Свадьбу сыграли по-домашнему, таково было категорическое требование Гитлера. Еве хотелось пышно и торжественно отпраздновать свой триумф, но, помимо нежелания фюрера, этому препятствовали объективные обстоятельства: в Берлине не оставалось ни одного зала, пригодного для свадебного торжества, да и носа на улицу не высунуть. Вот и остались в бункере, в тесном кругу испытанных друзей. Открыли шампанское, большую банку со сталинской икрой. Кальтенбруннер, отличный пианист, сыграл «Лунную сонату»; Геббельс читал из Ленау и Гельдерлина, потом показывал карточные фокусы; генерал-полковник Йодль спел тирольский йодль, у него оказалась поразительная фиоритура; Ева прочла последний монолог Медеи. Когда же шампанское ударило в голову, Заукель стал сыпать уморительными еврейскими анекдотами о показательном лагере Аусшвитце. Гитлер оставался тих и задумчив.

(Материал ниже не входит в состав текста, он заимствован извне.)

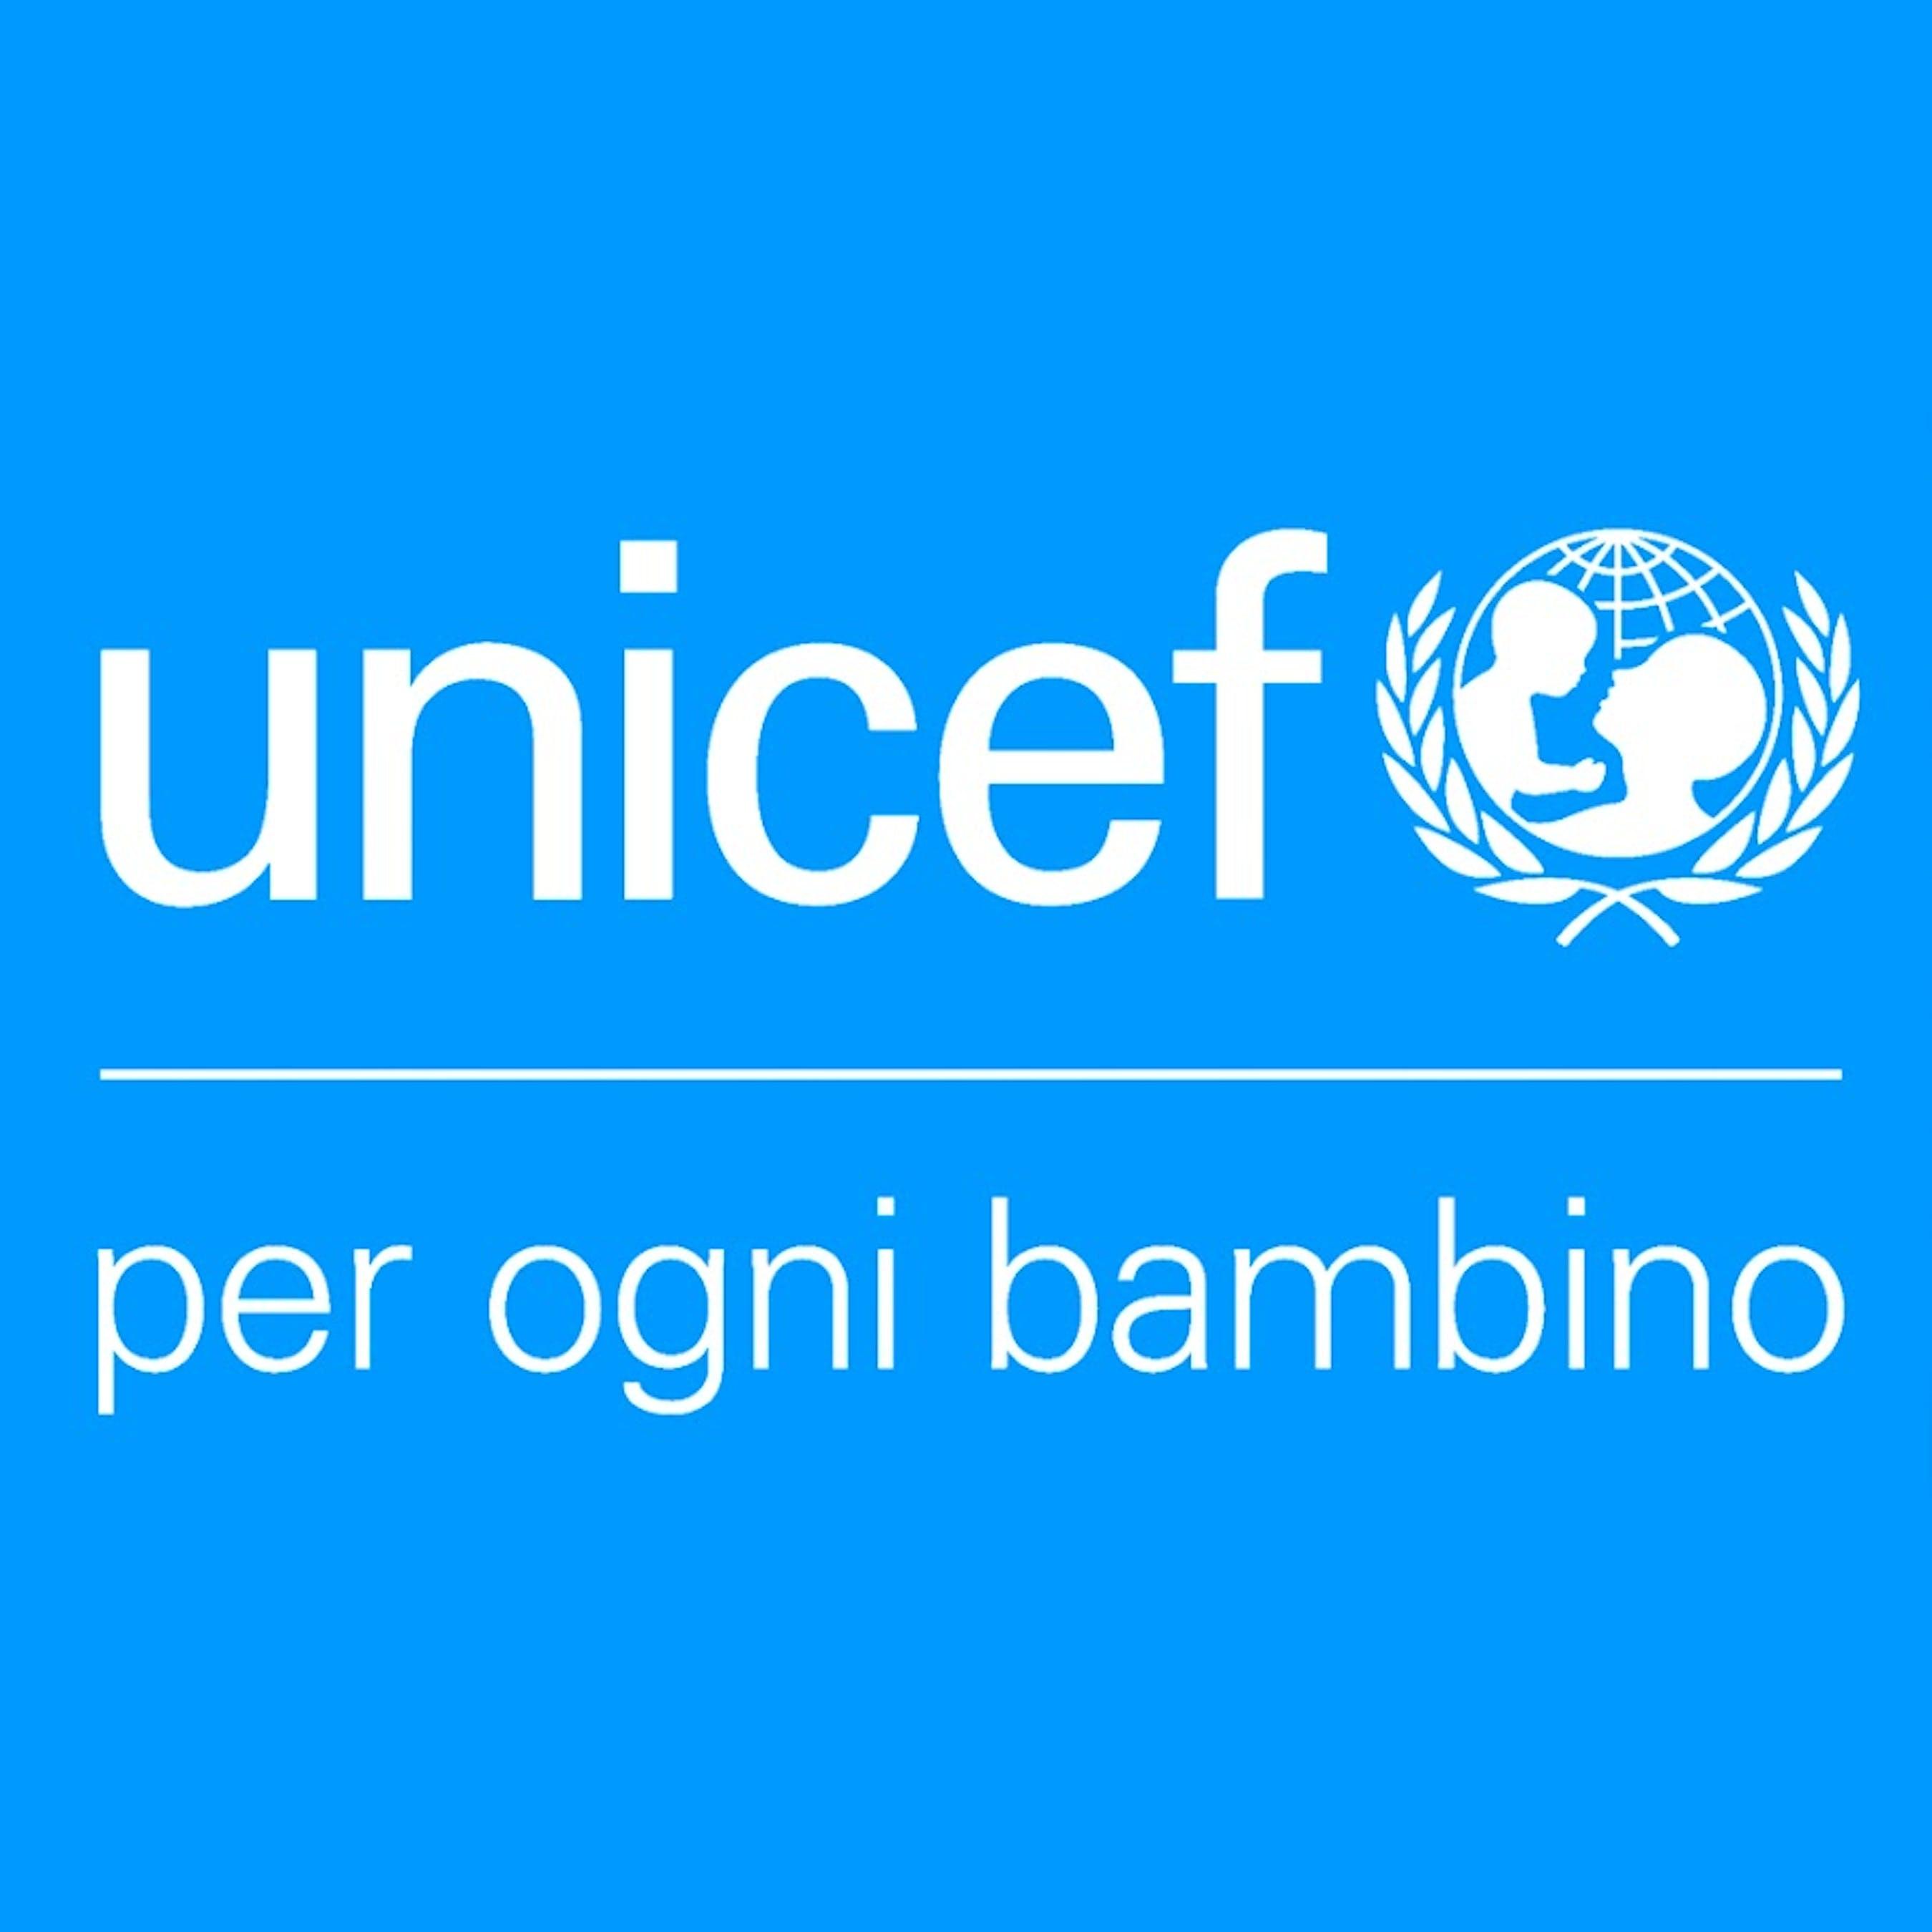 Samengo (UNICEF Italia)

С обычными послесвадебными шуточками гости наконец разошлись по своим бункерам. Гитлер обвел глазами опустевшую комнату, наполненную табачным дымом, запахами еды и вина, и сказал с отрешенным выражением:
— А Сталин так одинок!..
— Вот и женился бы на нем, — съязвила Ева. Став законной женой, она уже не считала нужным скрупулезно подгонять свои часы под часы фюрера.
Гитлер оторопело посмотрел на нее и промолчал.
Человеконенавистник Луи Селин с присущим ему цинизмом осрамил таинство первой ночи: «Гости ушли, и новобрачные остались одни, чтобы заняться гадостями». Наступила эта минута и для обреченных молодоженов под землей сотрясаемого взрывами Берлина.
— Наконец-то мы остались одни, — сказала Ева после тщетной попытки найти свежие слова для столь значительного и поэтичного события.
Теперь каждое ее слово, движение, жест прямиком попадали в историю, это требовало продуманности, собранности и осмотрительности. А фраза получилась мещански нищей и даже смешной, поскольку в блаженное одиночество любящих, как нарочно, вторгся третий: близкий разрыв советской бомбы, от которого треснул потолок, посыпалась известка, закачалась и погасла люстра. Свет почти сразу загорелся, хотя и вполнакала. Так даже лучше, подумала Ева Браун, чья изобильная плоть не стала юнее и свежее в годах ожидания возле фюрера. И еще она дала себе слово найти более удачную фразу для дневника, который давно вела, оставив за собой выбор сохранить его для потомства или предать огню.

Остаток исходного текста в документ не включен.